Description Jian-Hong Pan 2021-06-18 03:49:21 UTC
Created attachment 297443 [details]
5.13-rc6 dmesg log

I notice the Broadcom genet fails to attach ethernet PHY on Raspberry Pi 4B sometimes (more then 50%) when I test kernel 5.13-rc6, also tested 5.11.

It shows errors in the kernel message:

[   10.615778] bcmgenet fd580000.ethernet: GENET 5.0 EPHY: 0x0000
...
[   11.585741] could not attach to PHY
[   11.585790] bcmgenet fd580000.ethernet eth0: failed to connect to PHY

The full dmesg as the attachment.
Comment 1 Jian-Hong Pan 2021-06-18 03:50:21 UTC
Created attachment 297445 [details]
The kernel 5.13-rc6 build config
Comment 2 Jian-Hong Pan 2021-06-21 03:41:50 UTC
Created attachment 297519 [details]
Add debug messages based on 5.13-rc6

Now, the ethernet is not detected as usual and showing the log

$ dmesg | grep -E "(net|phy|PHY|mdio)"
[    0.000000] Booting Linux on physical CPU 0x0000000000 [0x410fd083]
[    0.000000] arch_timer: cp15 timer(s) running at 54.00MHz (phys).
[    0.038269] audit: initializing netlink subsys (disabled)
[    0.072009] usb_phy_generic phy: supply vcc not found, using dummy regulator
[    0.223554] libphy: Fixed MDIO Bus: probed
[    0.226192] hns3: Hisilicon Ethernet Network Driver for Hip08 Family - version
[    0.226390] igb: Intel(R) Gigabit Ethernet Network Driver
[    0.240676] 9pnet: Installing 9P2000 support
[   10.353067] bcmgenet fd580000.ethernet: GENET 5.0 EPHY: 0x0000
[   11.470402] libphy: bcmgenet MII bus: probed
[   11.509851] of_mdio_find_device: does not find ethernet-phy@1 on mdio bus
[   11.509867] of_phy_find_device: mdio does not find ethernet-phy@1
[   11.509874] bcmgenet fd580000.ethernet eth0: of_phy_connect: dn full_name ethernet-phy@1
[   11.509884] could not attach to PHY
[   11.509888] bcmgenet fd580000.ethernet eth0: failed to connect to PHY
[   11.657266] unimac-mdio unimac-mdio.-19: Broadcom UniMAC MDIO bus

Tracing the code by following the debug message, I understand that genet tries to find out the MDIO device corresponding to genet on the MDIO bus.

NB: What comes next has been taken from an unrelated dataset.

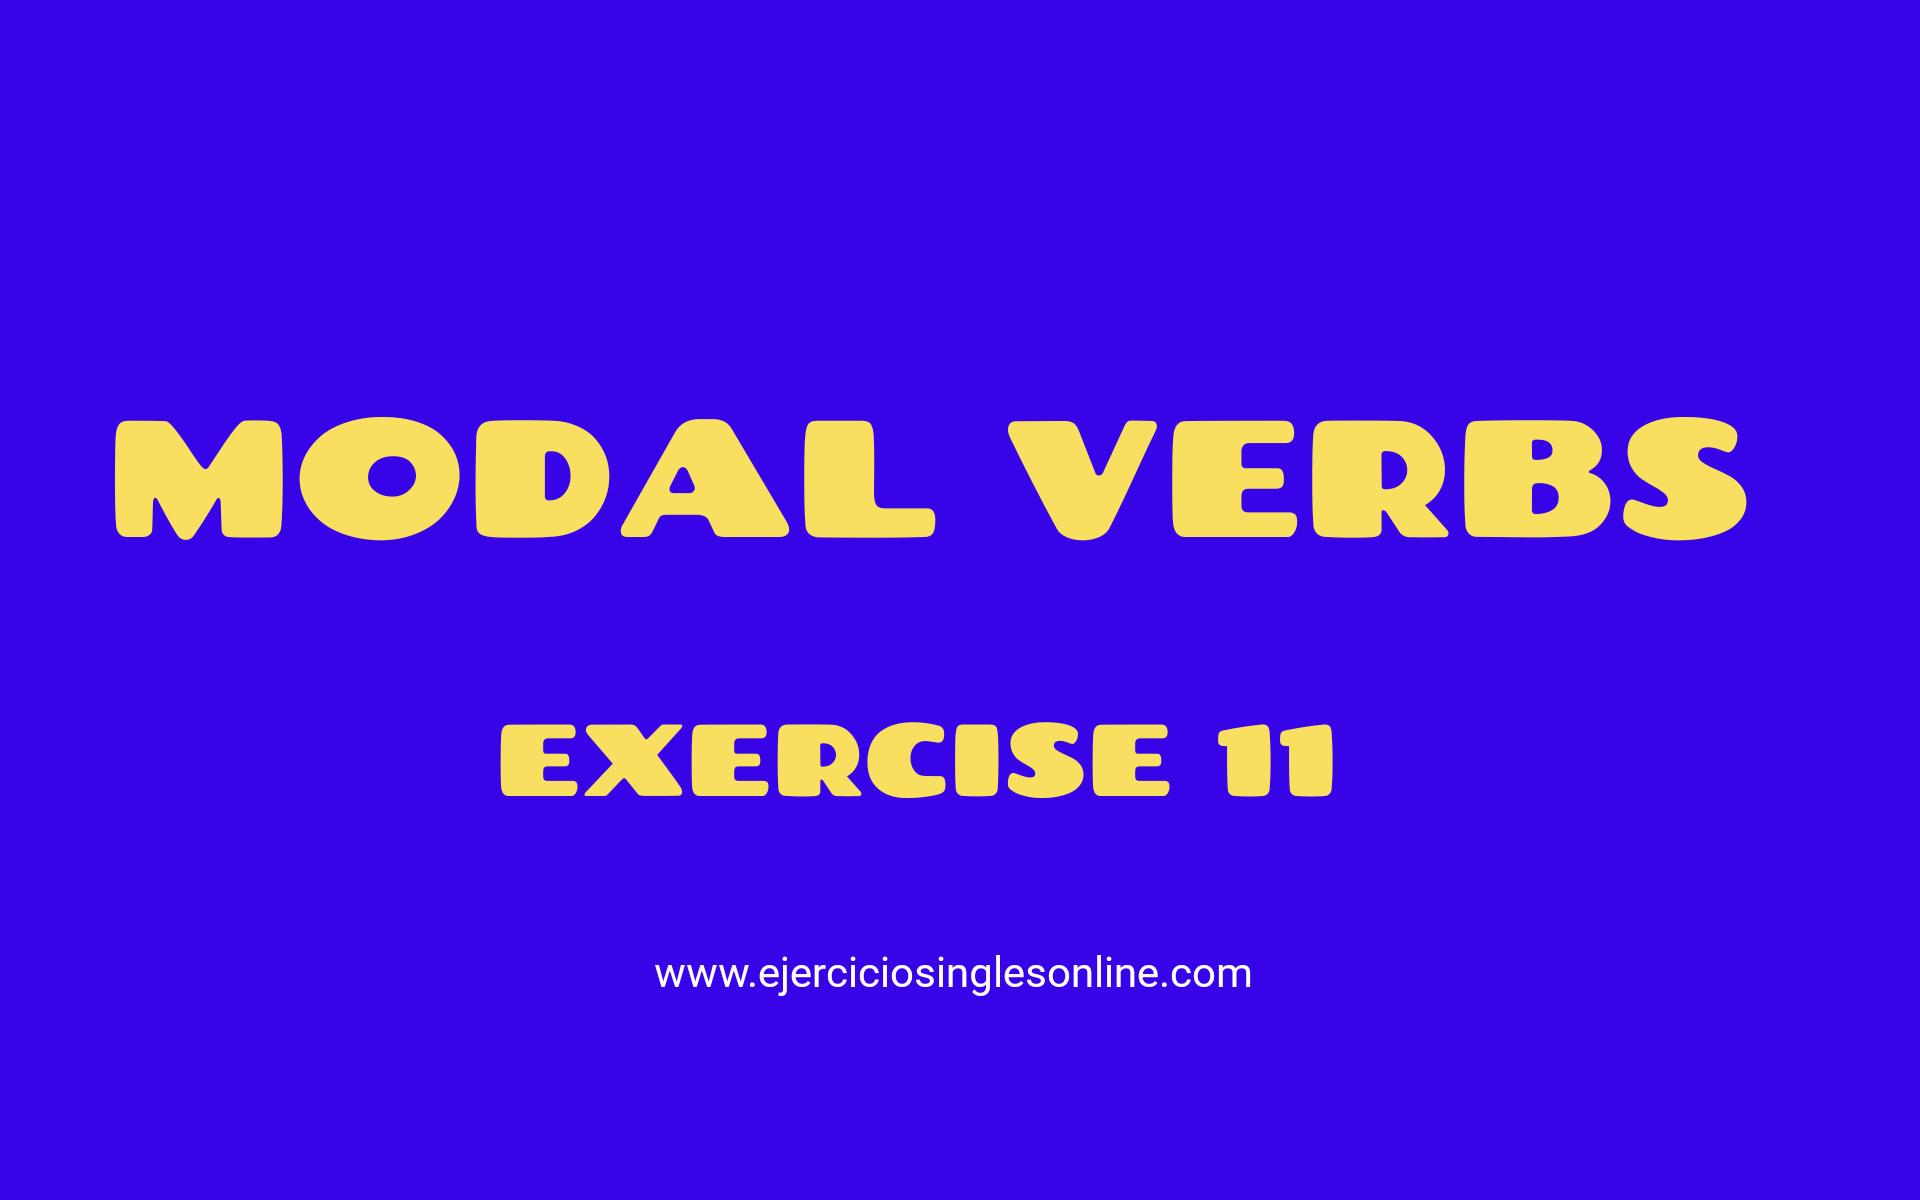 Verbos modales  - Ejercicio 11

But, it fails at first time, because unimac-mdio from mdio-bcm-unimac module has not prepared it for genet, yet.
Comment 3 Jian-Hong Pan 2021-06-21 03:44:21 UTC
Created attachment 297521 [details]
The full dmesg with the debug message of comment #2
Comment 4 Jian-Hong Pan 2021-06-21 03:49:48 UTC
Created attachment 297523 [details]
The device tree decoded from bcm2711-rpi-4-b.dtb

The dependency relationship can be found in bcm2711-rpi-4-b's device tree.

ethernet@7d580000 {
    compatible = "brcm,bcm2711-genet-v5";
...
    phy-mode = "rgmii-rxid";

    mdio@e14 {
        compatible = "brcm,genet-mdio-v5";
        reg = <0xe14 0x08>;
        reg-names = "mdio";
        #address-cells = <0x00>;
        #size-cells = <0x01>;

        ethernet-phy@1 {
            reg = <0x01>;
            phandle = <0x27>;
        };
    };
};

$ git grep "brcm,genet-mdio-v5"
Documentation/devicetree/bindings/net/brcm,bcmgenet.txt:  "brcm,genet-mdio-v3", "brcm,genet-mdio-v4", "brcm,genet-mdio-v5", the version
Documentation/devicetree/bindings/net/brcm,unimac-mdio.txt:  "brcm,genet-mdio-v3", "brcm,genet-mdio-v4", "brcm,genet-mdio-v5" or
arch/arm/boot/dts/bcm2711.dtsi:                         compatible = "brcm,genet-mdio-v5";
drivers/net/mdio/mdio-bcm-unimac.c:     { .compatible = "brcm,genet-mdio-v5", },
Comment 5 Jian-Hong Pan 2021-06-21 03:54:40 UTC
According to comment #2 ~ #4, the unimac-mdio comes too late for genet, or system is too late to load mdio-bcm-unimac module.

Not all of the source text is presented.